# Dogsitting / holiday care for reactive dogs



## Gingerfish (Jan 6, 2021)

Hi there, 
Previously when I've gone on holiday abroad a dogsitter / parents etc would come to our house, or take our dogs to theirs to look after them. However, last year we got a Romanian rescue and whilst he is improving he is reactive to dogs and people who 'suddenly' appear in his house that he doesn't know or hasn't been formally introduced to. I am concerned about what could happen if we went away and left him with people who aren't behavourists or experienced with managing these issues - it's a lot to ask and I can't expect them to understand or remember instructions for managing loads of different situations . It's fine for one or two nights with my parents (ie just don't let the dogs out without supervision / bring anyone they don't know in) but for a couple of weeks that's too much to ask. Most people I've found assume until something goes wrong that it's all fine and I'm just paranoid.

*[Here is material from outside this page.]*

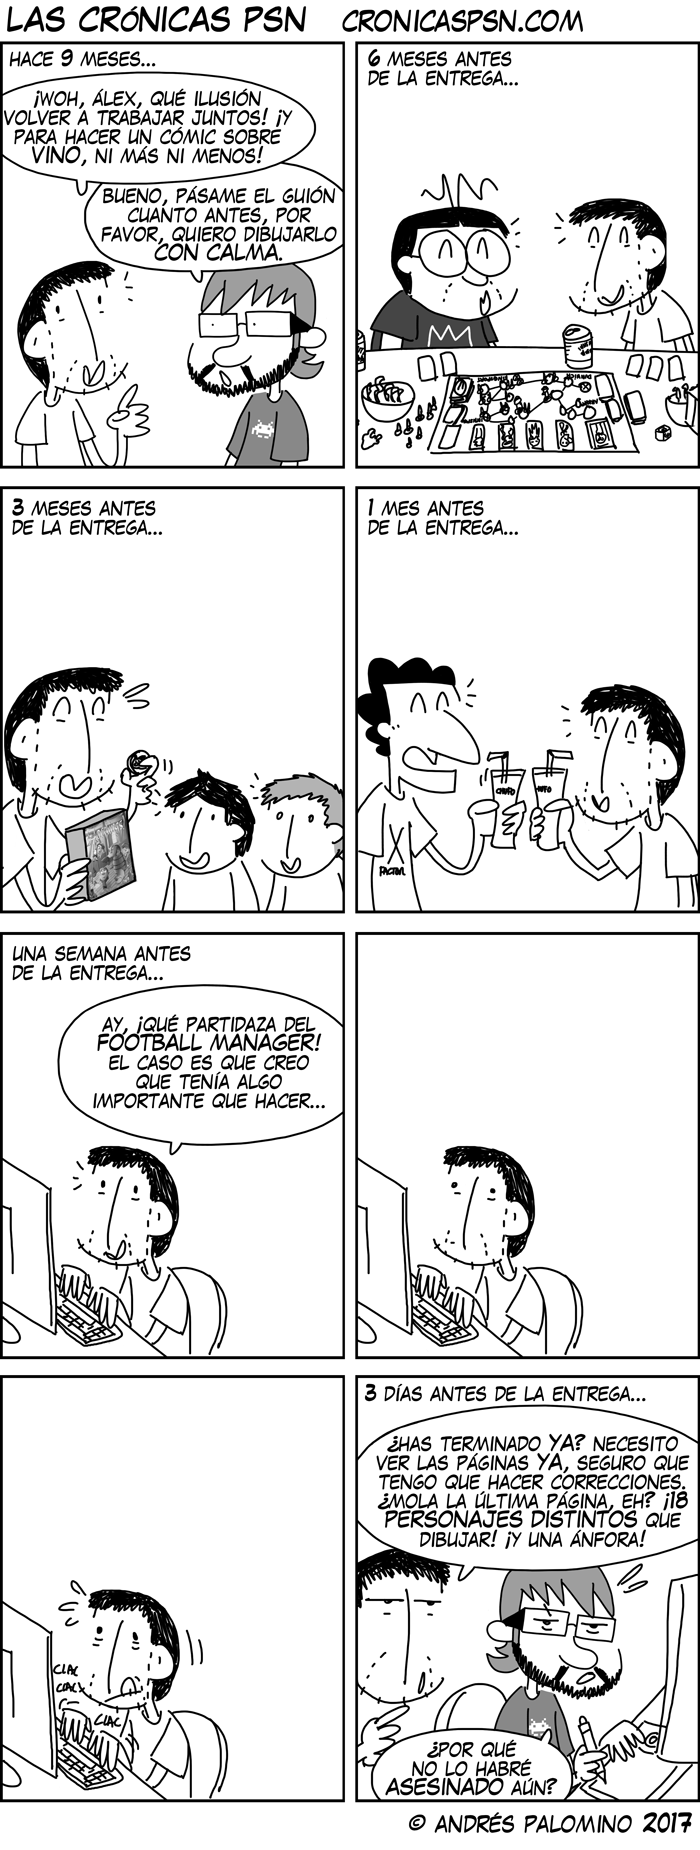 CPSN: TÁNDEM

Does anyone know of any care businesses or similar that could look after them for a couple of weeks? I've never put my dogs into kennels - our labrador hates being shut up in any way and she's at least 11 or 12 now so I don't want to stress her out. I'd rather not seperate them they both do much better with each other.


----------



## simplysardonic (Sep 1, 2009)

If they're reputable & experienced there's no reason why they won't follow your explicit instructions when it comes to their care & management.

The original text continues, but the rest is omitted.